Option 1 is very expensive and more conducive to new construction. For option 2, a number of things can be done to optimize cooling in existing data centers and possibly raise the cooling capability in limited sections.

One recommendation is to place floor tiles with high percent-open and flow ratings in front of the high-end racks. Another recommendation is to provide special means for removing hot exhaust air from the backs of the high-end racks immediately, before it has a chance to migrate back to the air intakes on racks in other parts of the room. This could be accomplished by installing special baffling or direct ducting back to the air returns on the CRAC units. Careful engineering is required to ensure that any recommendation does not have an adverse effect on the dynamics of the underfloor static pressure and airflow distribution.

In centers where floor space is not an issue, it would be most practical to design the entire raised floor to a constant level of cooling and depopulate racks or observe a greater distance between racks in order to meet the per-cabinet capability of the floor.
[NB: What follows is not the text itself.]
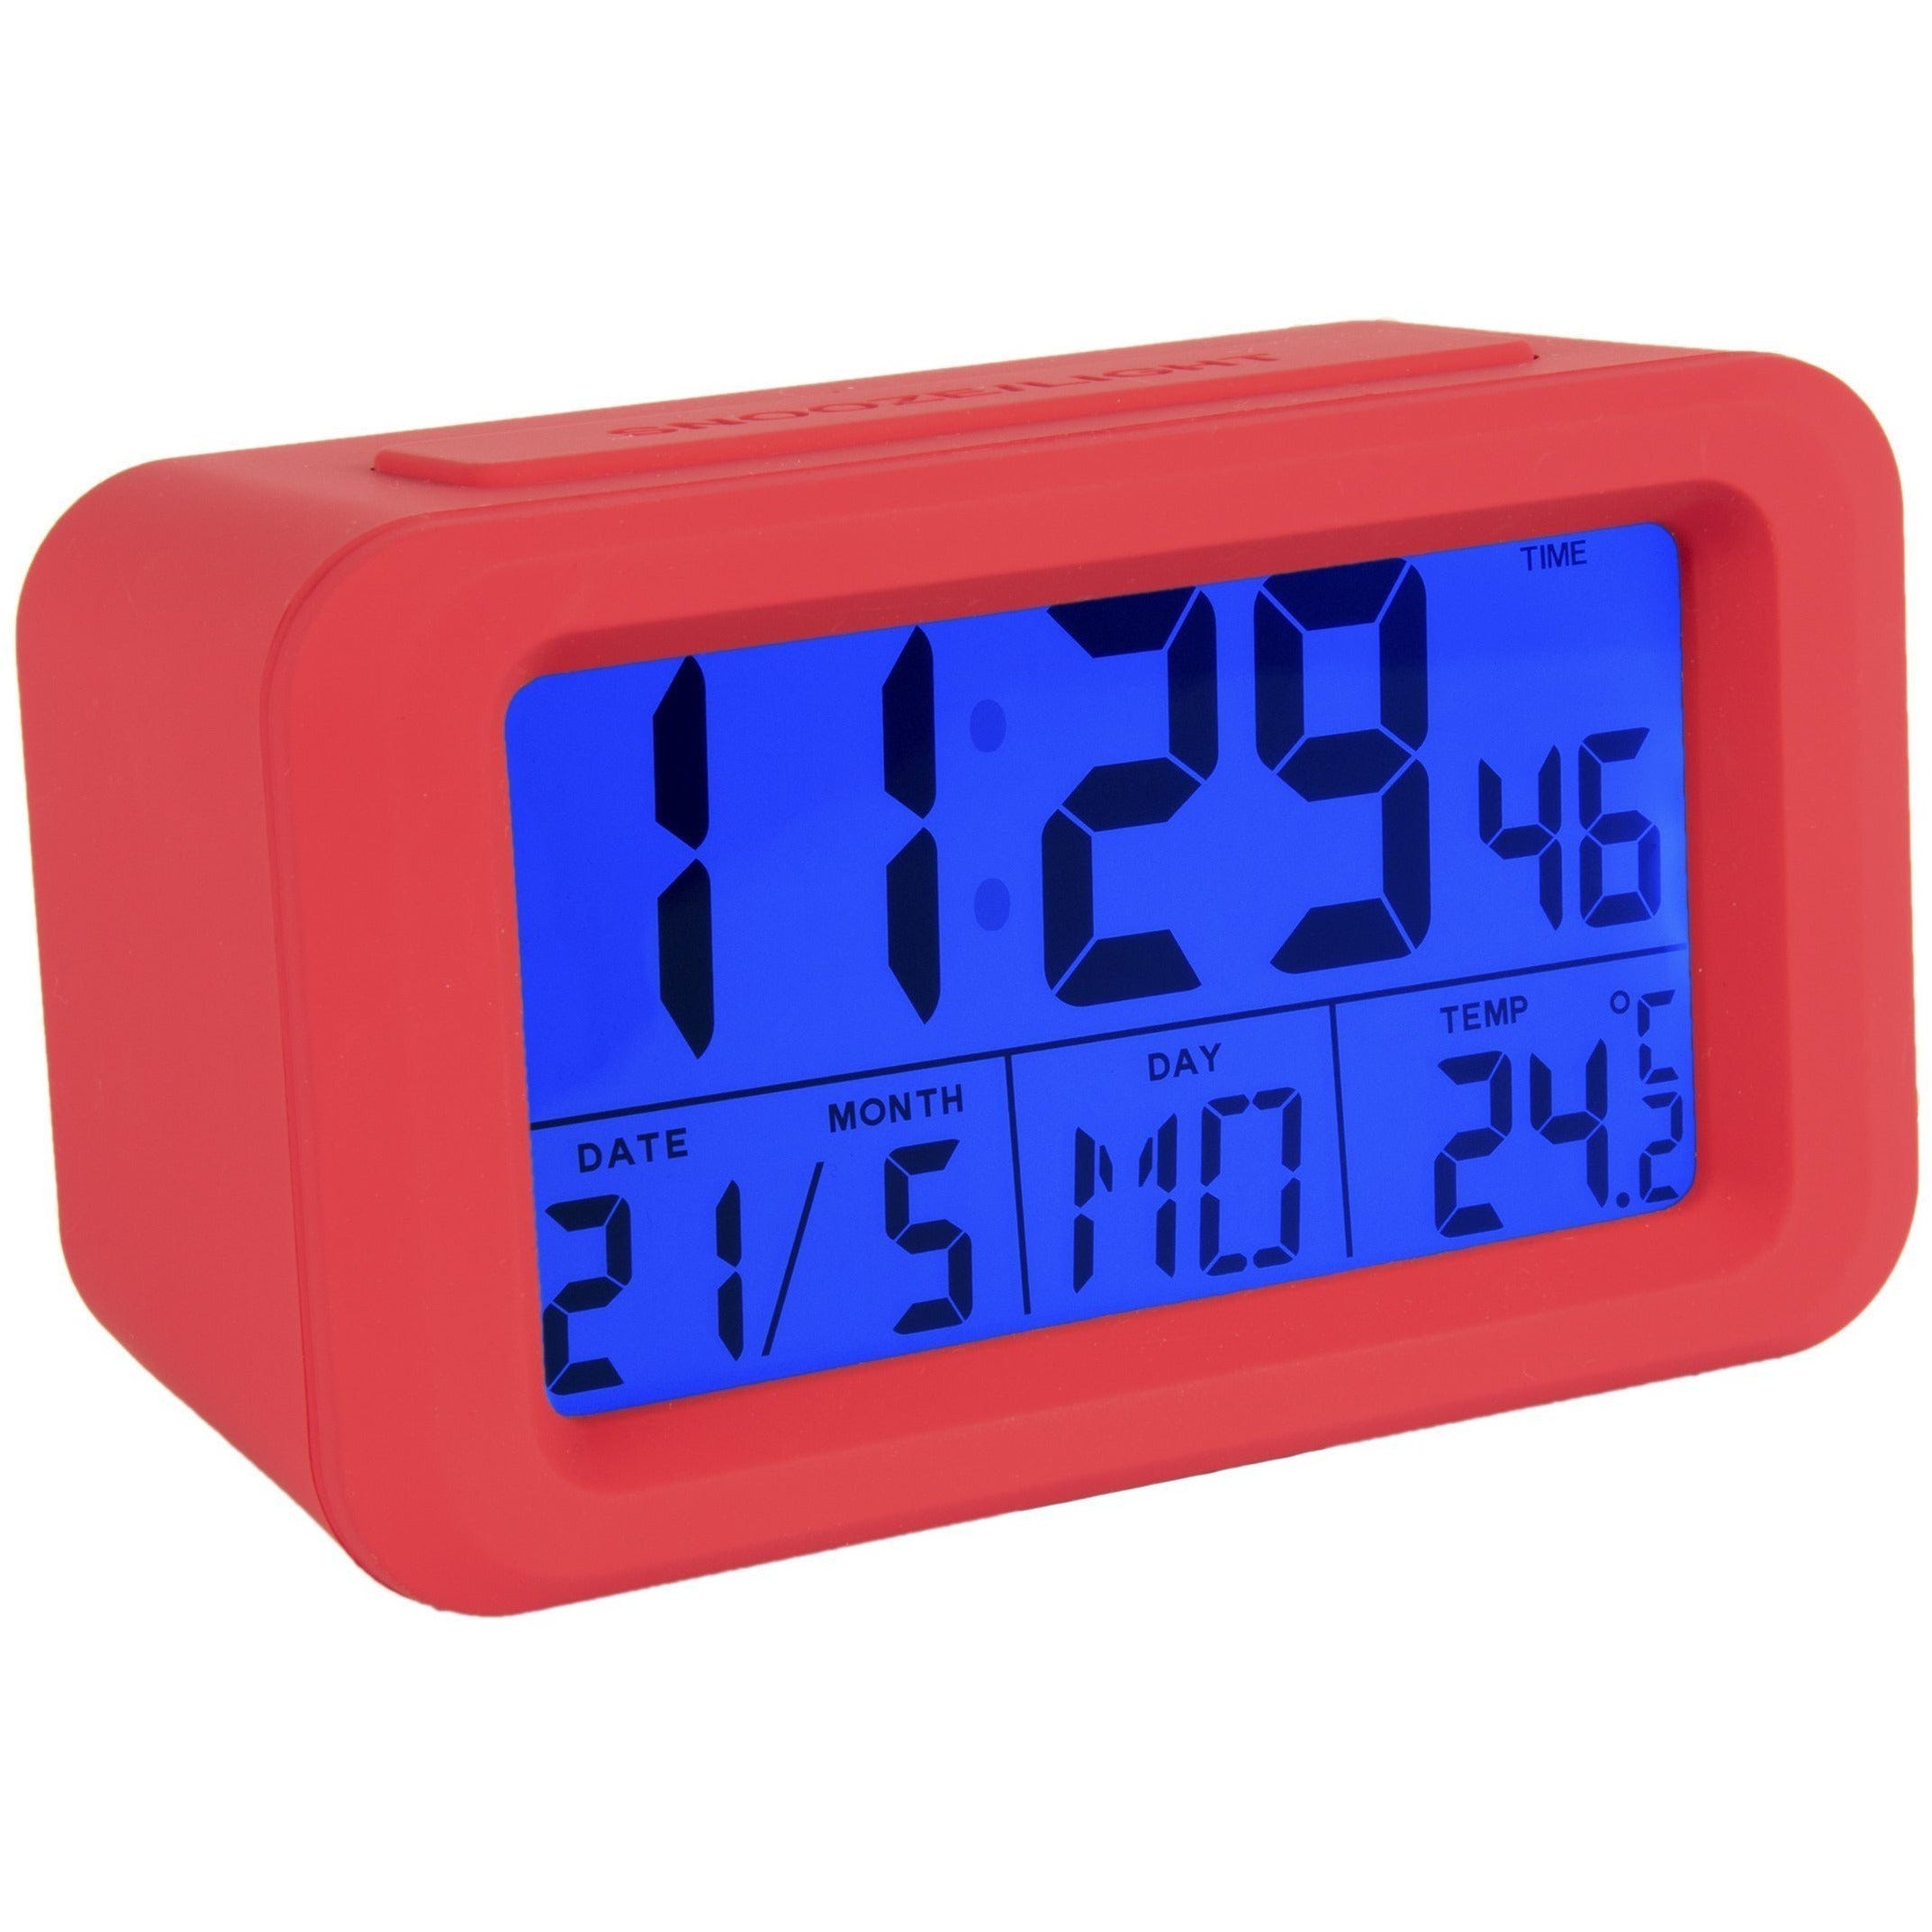 Fisura – Reloj despertador digital rojo con LED. Reloj indicador
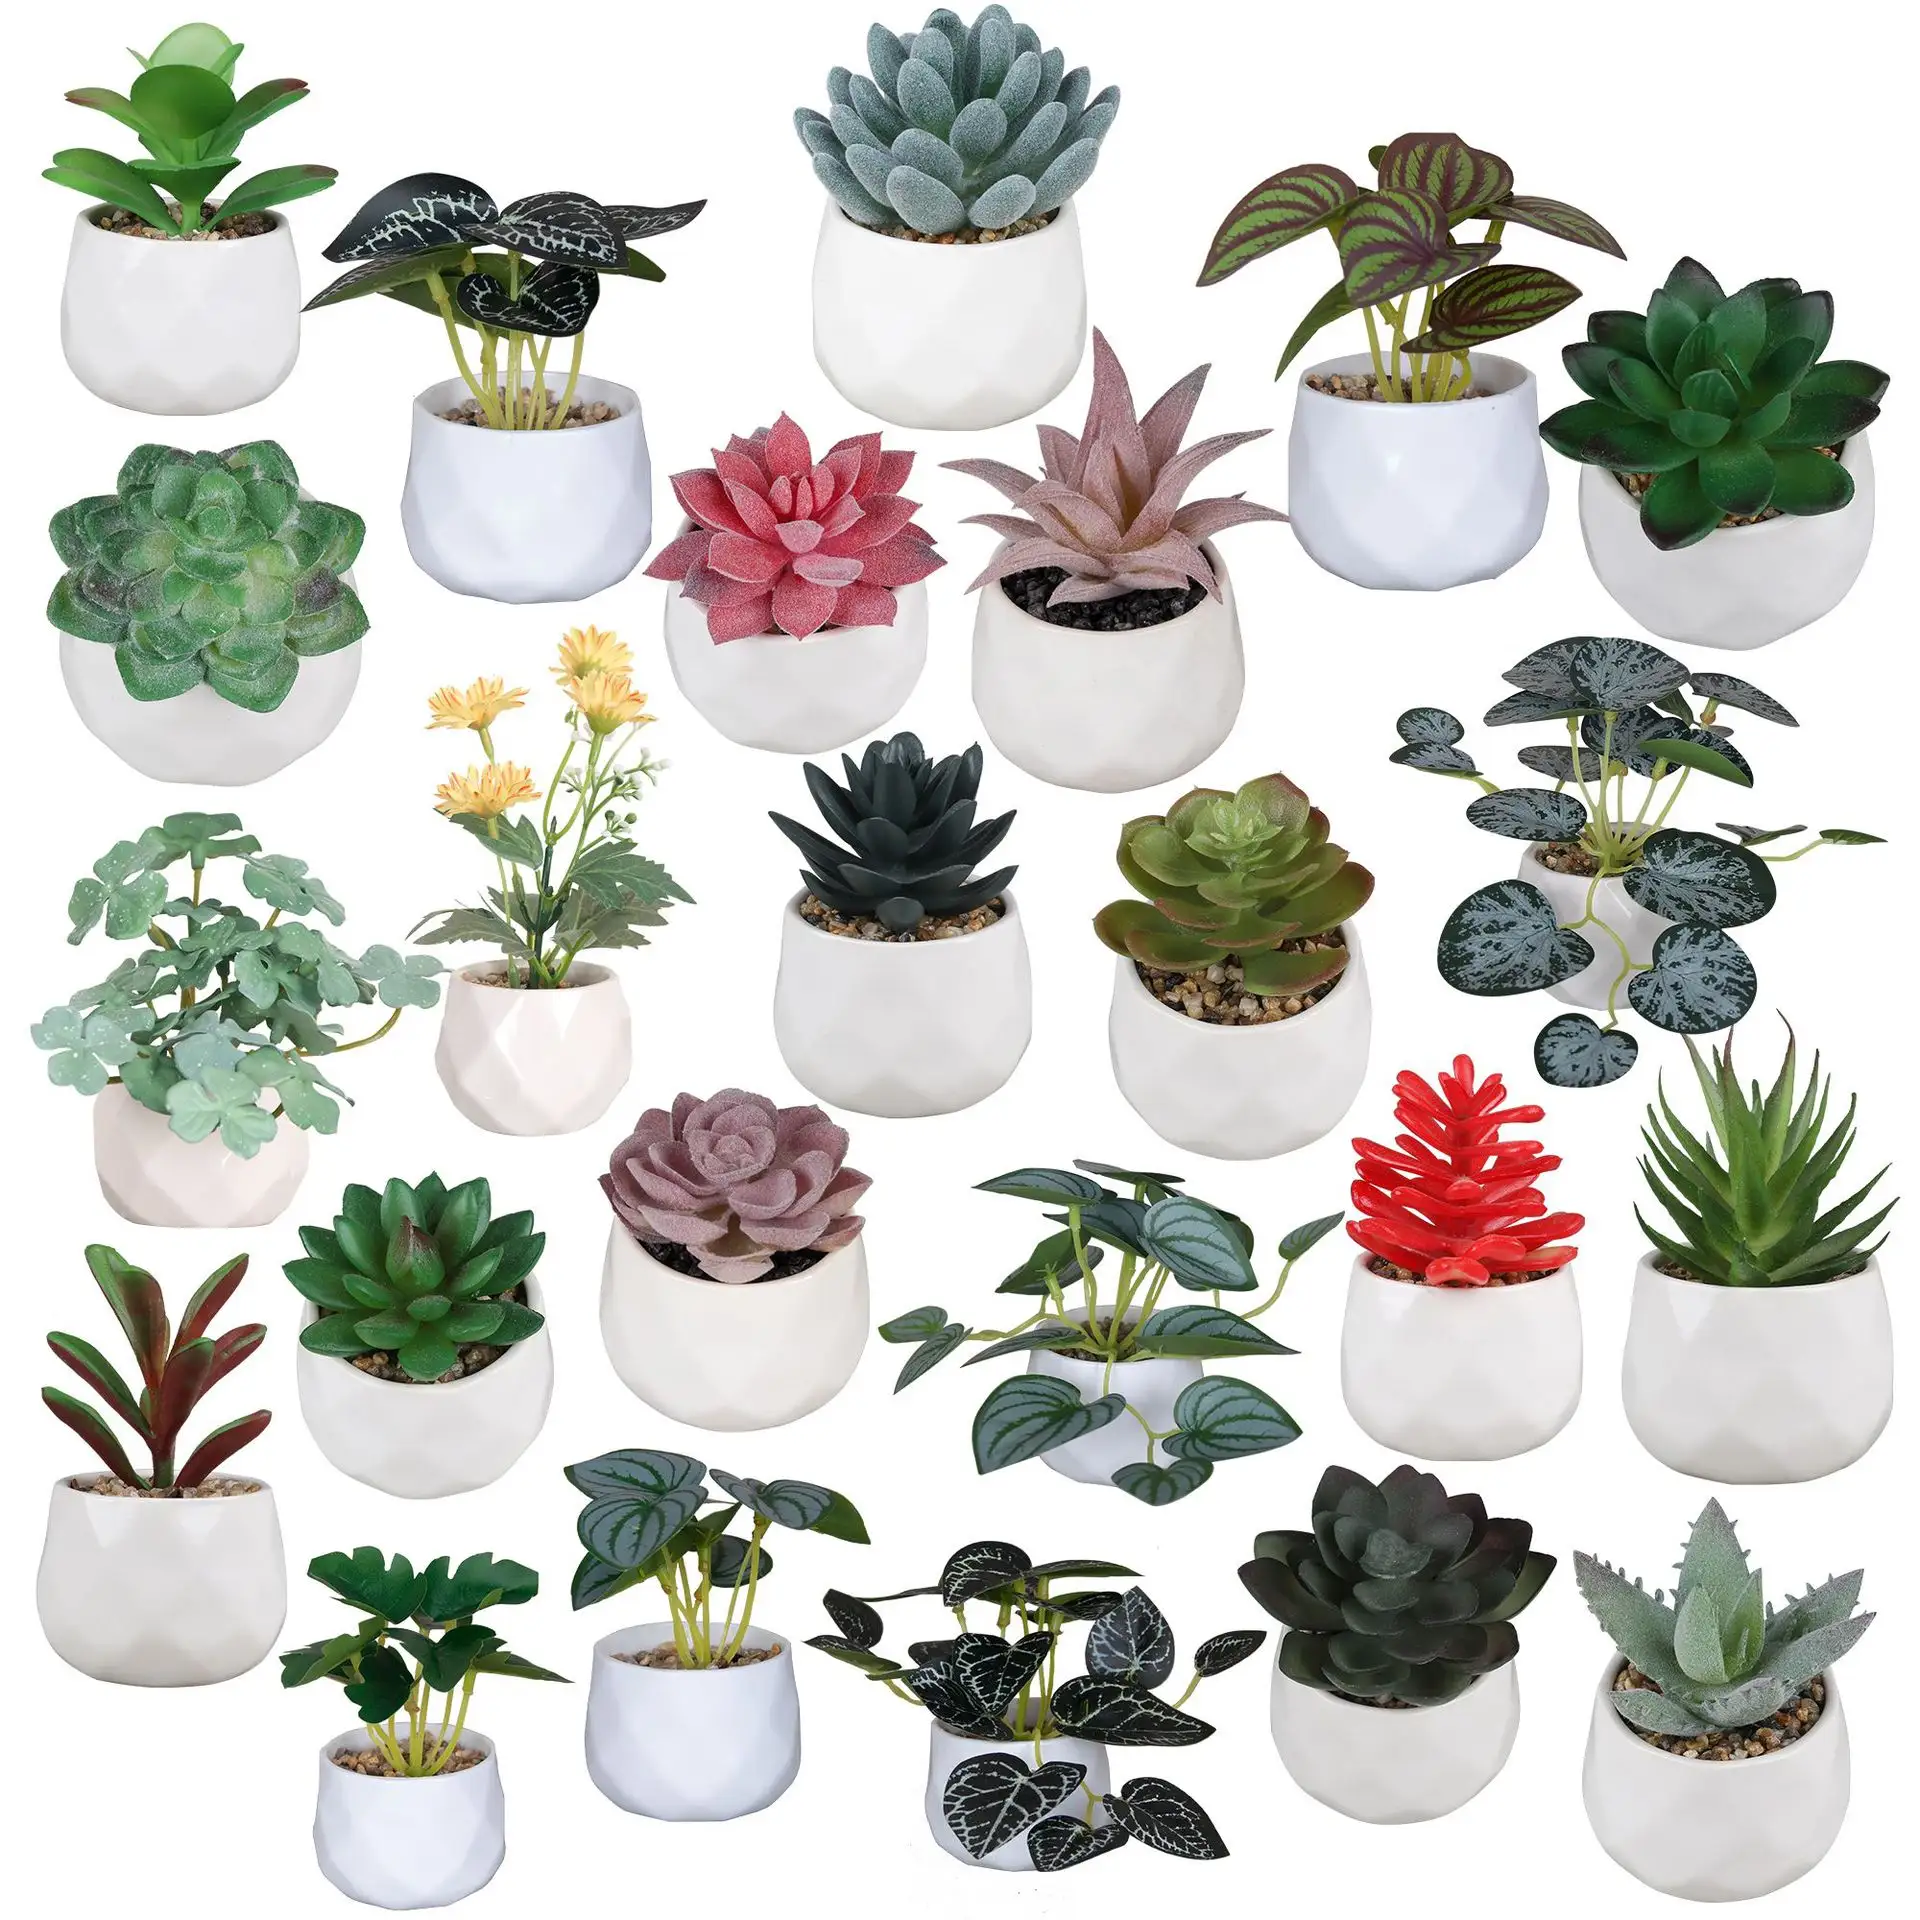 Großhandel Hochwertige Sukkulenten Pflanzen Künstlich In Mini Weiß Keramik Töpfe Kleine Gefälschte Sukkulenten Pflanzen

Floor tile placement and openings

Perforated tiles should be placed exclusively in the cold aisles, aligned with the intakes of the equipment. No perforated tiles should be placed in the hot aisles, no matter how uncomfortably hot. Hot aisles are, by design, supposed to be hot. Placement of open tiles in the hot aisle artificially decreases the return air temperature to the CRAC units, thereby reducing their efficiency and available capacity. This phenomenon contributes to hot spot problems in the data center. Perforated tiles should not be placed in too close proximity to the CRAC units. In areas under the raised floor where air velocities exceed about 530 feet-per-minute, usually within about six tiles of the unit discharges, a Venturi effect may be created where room air will be sucked downward into the raised floor, opposite of the preferred result of upward chilled air delivery.

The volumetric flow capabilities of floor tiles with various percent-open ratings are shown in the following figure.

Floor tiles in typical data centers deliver between 100 and 300 cfm. By optimizing the flow characteristics, it might be possible to realize flows as high as 500 cfm. Flow rates as high as 700-800 cfm per tile are possible with tiles with the highest percent-open rating. Floor tiles must be aligned in the cold aisles with the intake locations on the equipment.

Openings in the raised-floor that are not there for the purpose of delivering chilled air directly to the equipment in the data center space should be completely sealed with brush assemblies or other cable opening material (for example, foam sheeting, fire pillows). Other openings that must be sealed are holes in data center perimeter walls, underfloor, and ceiling. Sealing all openings will help maximize under-floor static pressure, ensure optimal airflow to the cold aisles where it is needed, and eliminate short-circuiting of unused air to the CRAC unit returns.